** Opening Supplied information block **
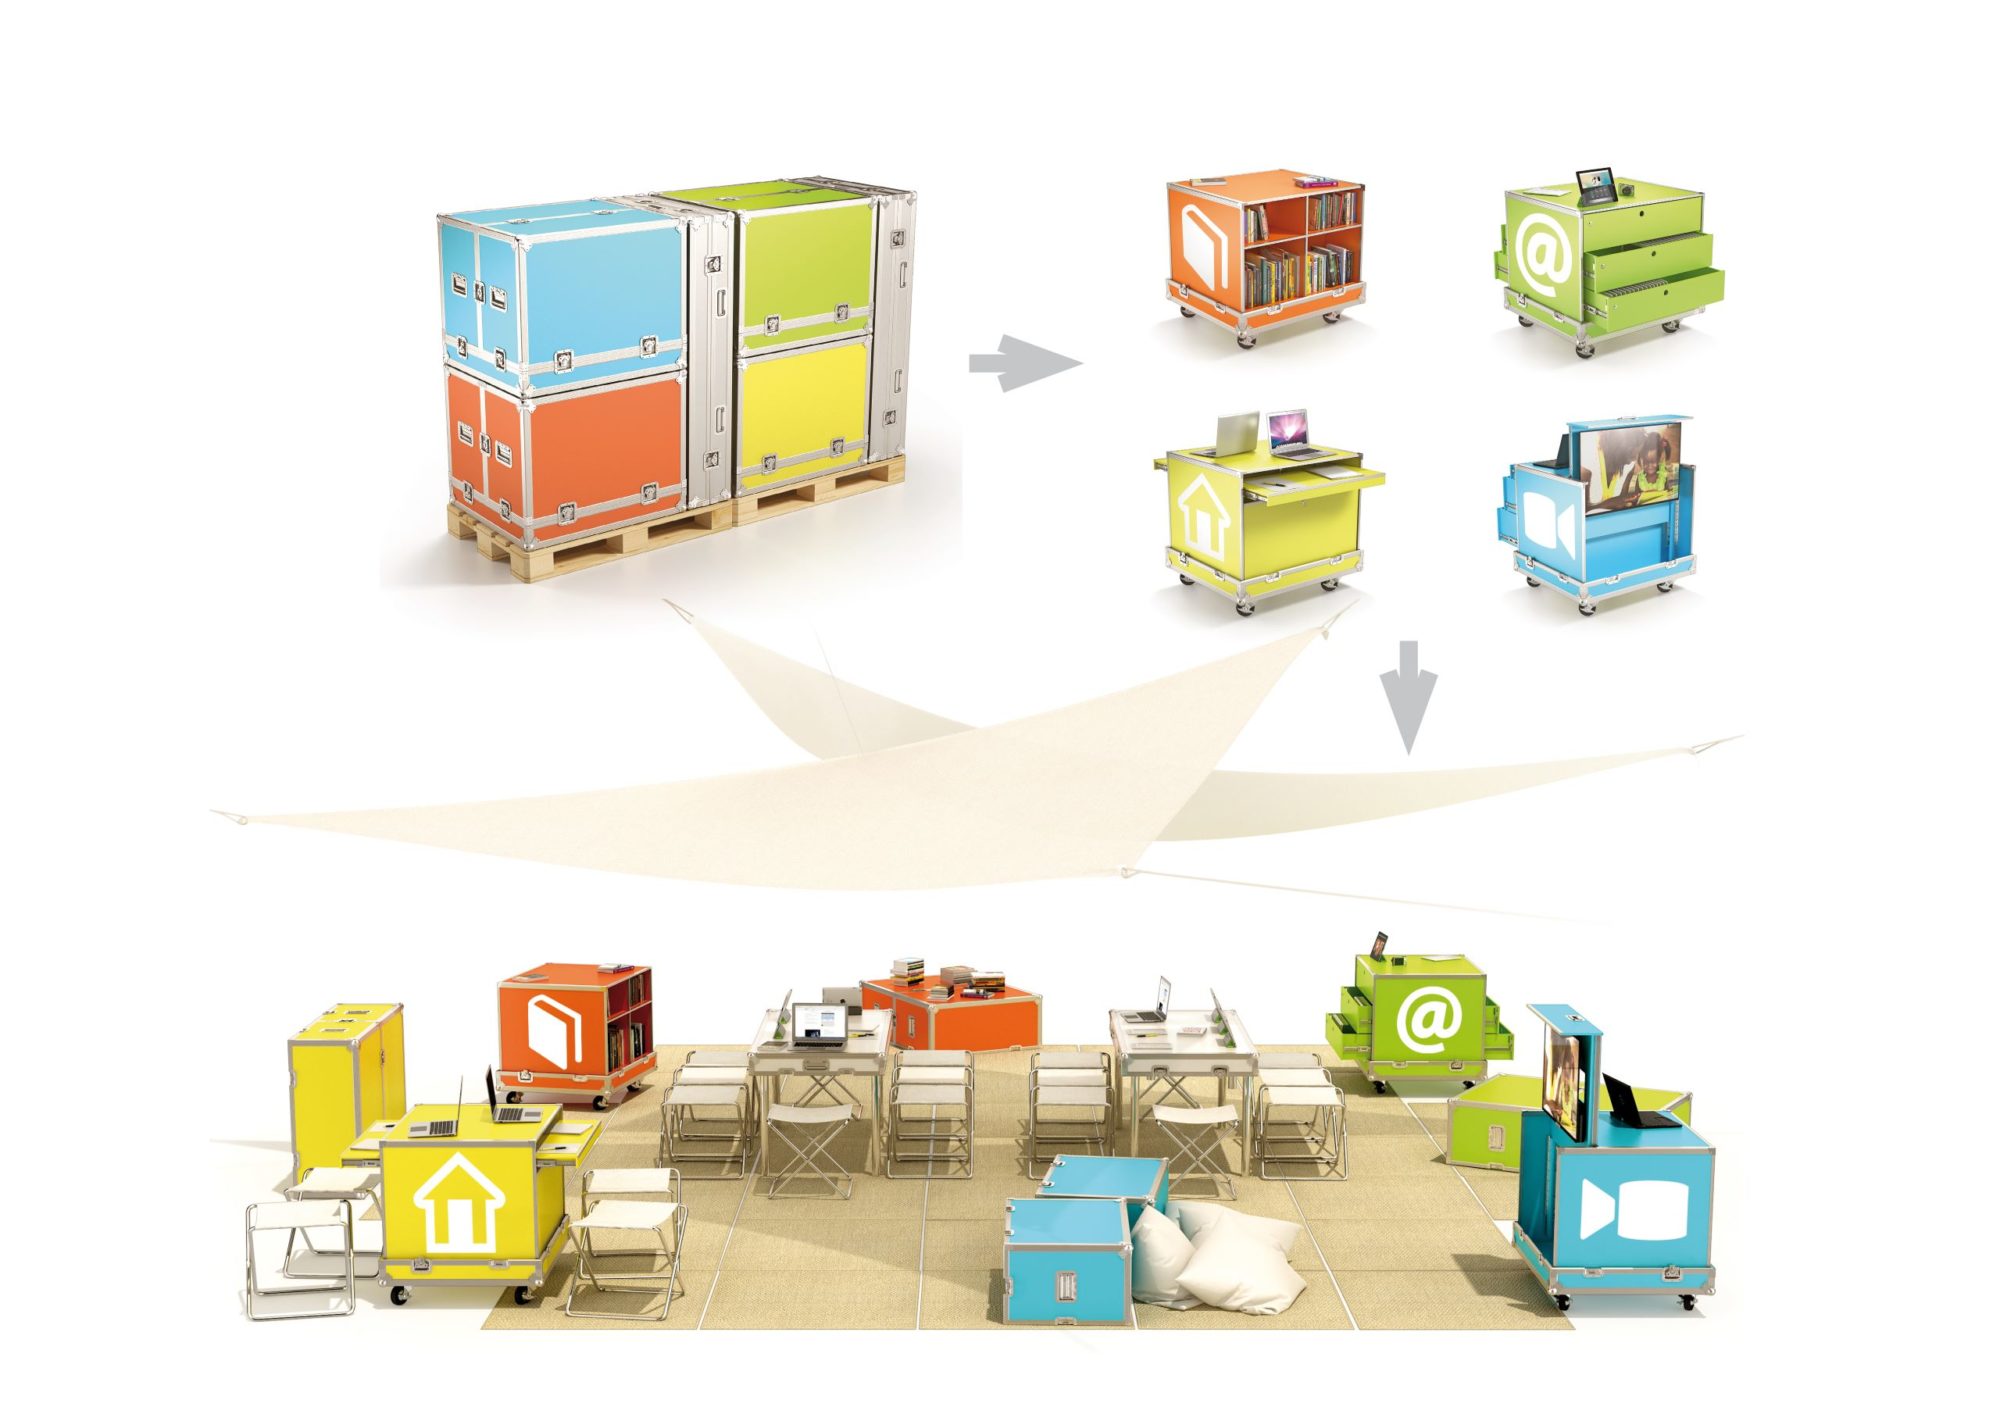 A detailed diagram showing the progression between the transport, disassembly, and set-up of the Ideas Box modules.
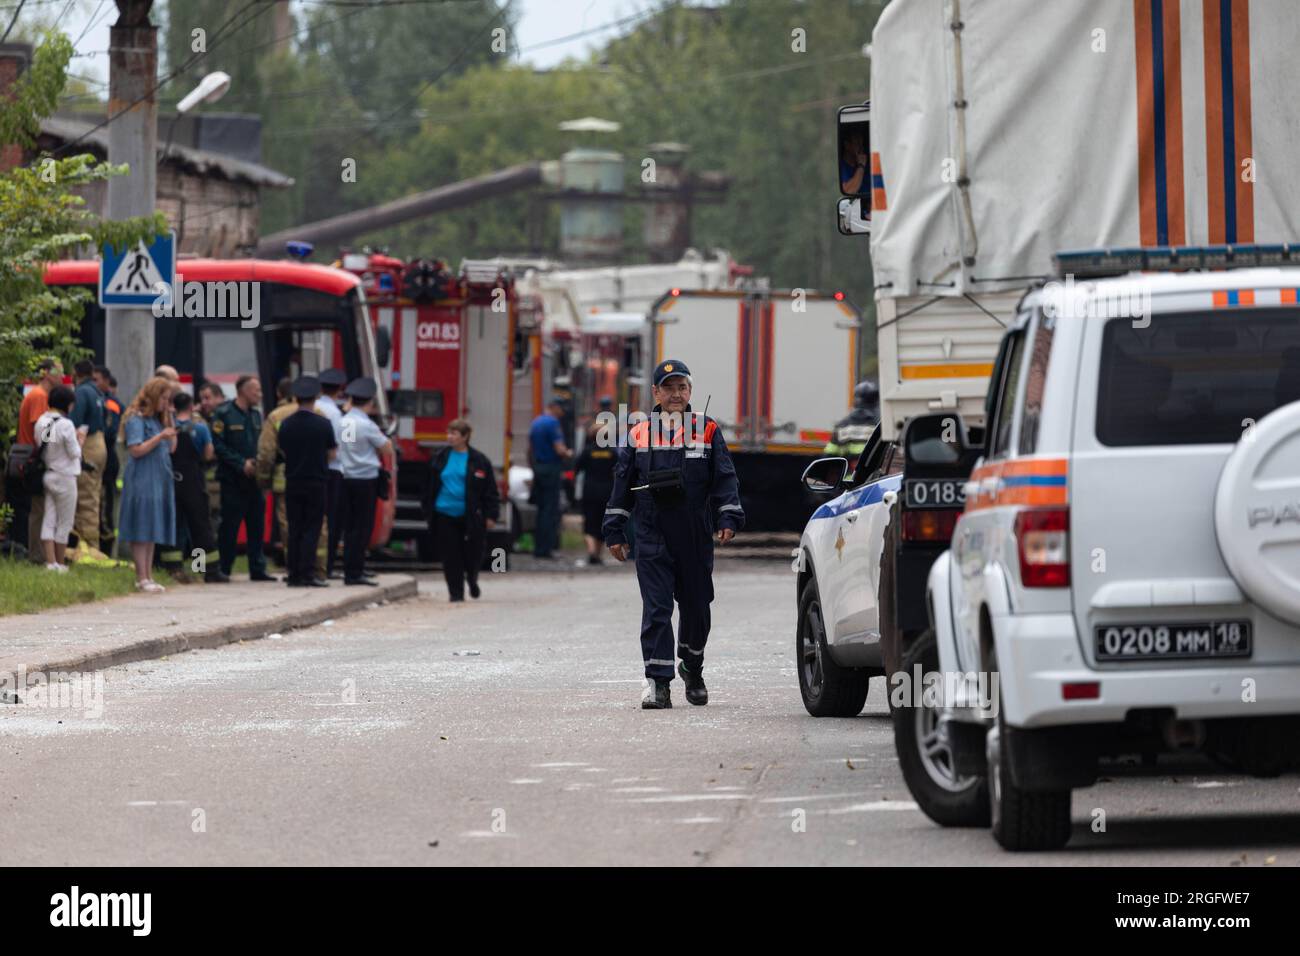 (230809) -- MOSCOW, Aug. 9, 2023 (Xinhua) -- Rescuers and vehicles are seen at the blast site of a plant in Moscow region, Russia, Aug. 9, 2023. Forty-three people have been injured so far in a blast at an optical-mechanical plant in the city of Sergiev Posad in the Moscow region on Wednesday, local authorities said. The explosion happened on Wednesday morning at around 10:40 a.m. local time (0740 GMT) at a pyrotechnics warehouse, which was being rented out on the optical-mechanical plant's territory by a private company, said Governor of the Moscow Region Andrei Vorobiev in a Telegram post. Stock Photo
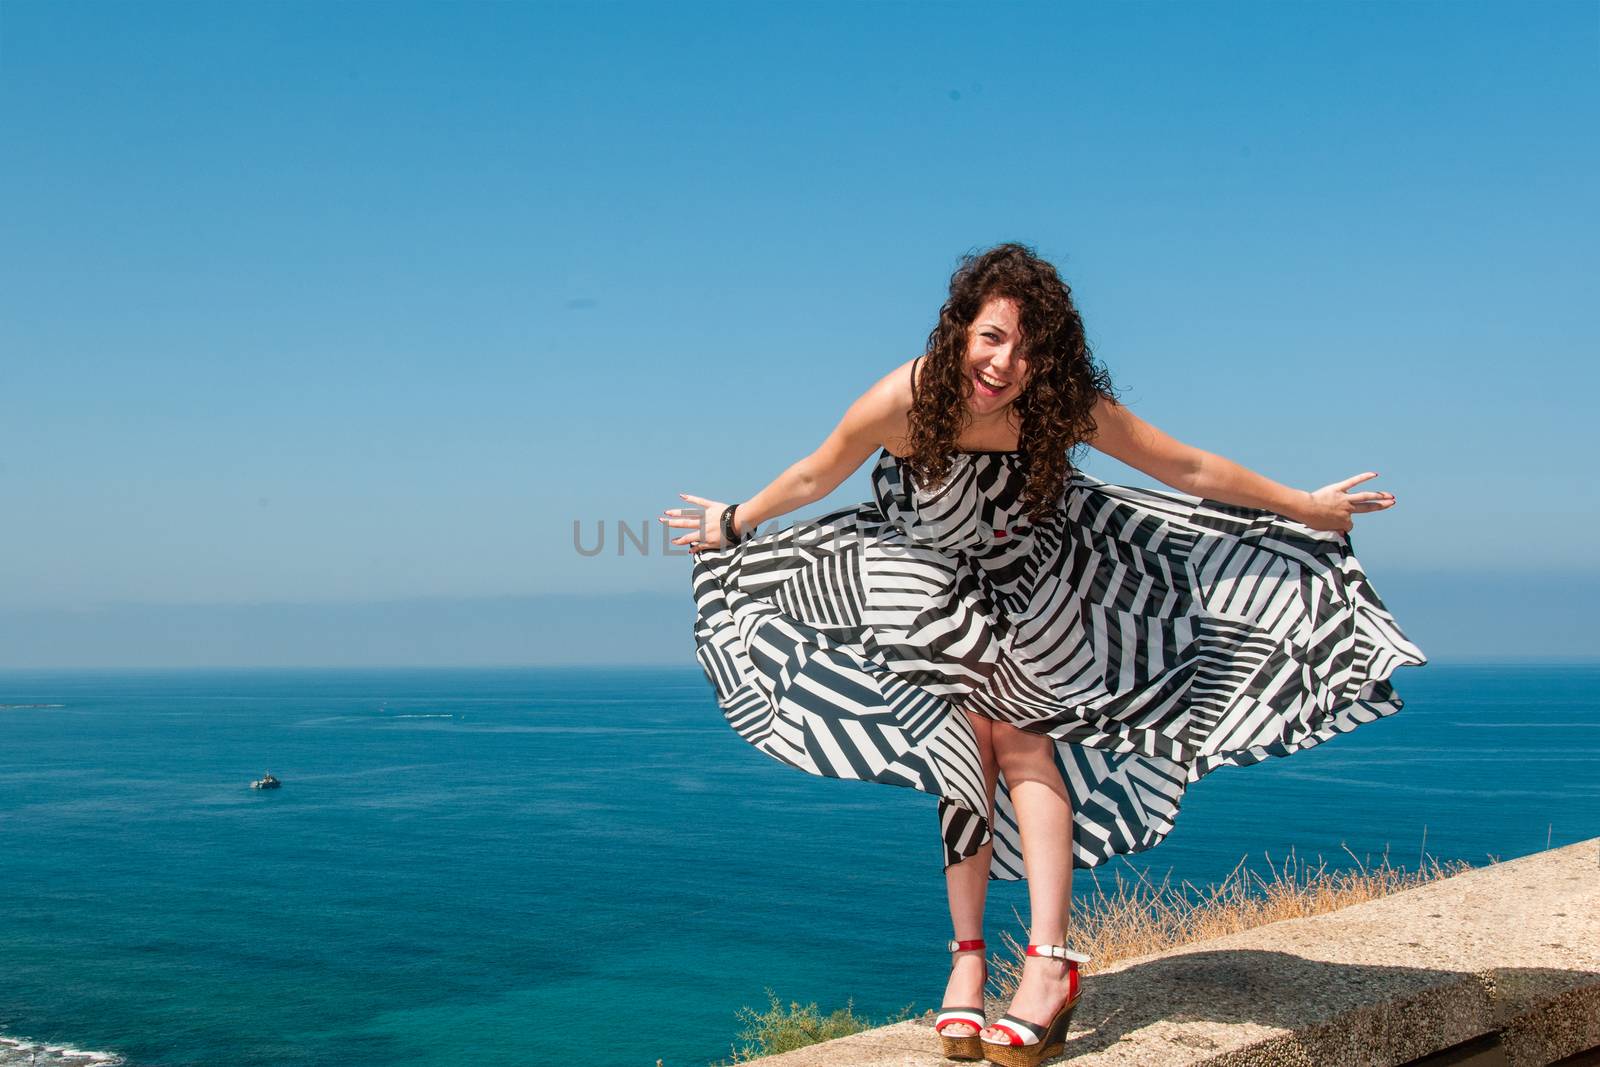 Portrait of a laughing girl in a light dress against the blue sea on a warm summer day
** Closing Supplied information block **
How to complete this task: Where a picture appears, omit it, and otherwise retype the material exactly.

Answer section:
 A detailed diagram showing the progression between the transport, disassembly, and set-up of the Ideas Box modules.
 (230809) -- MOSCOW, Aug. 9, 2023 (Xinhua) -- Rescuers and vehicles are seen at the blast site of a plant in Moscow region, Russia, Aug. 9, 2023. Forty-three people have been injured so far in a blast at an optical-mechanical plant in the city of Sergiev Posad in the Moscow region on Wednesday, local authorities said. The explosion happened on Wednesday morning at around 10:40 a.m. local time (0740 GMT) at a pyrotechnics warehouse, which was being rented out on the optical-mechanical plant's territory by a private company, said Governor of the Moscow Region Andrei Vorobiev in a Telegram post. Stock Photo
 Portrait of a laughing girl in a light dress against the blue sea on a warm summer day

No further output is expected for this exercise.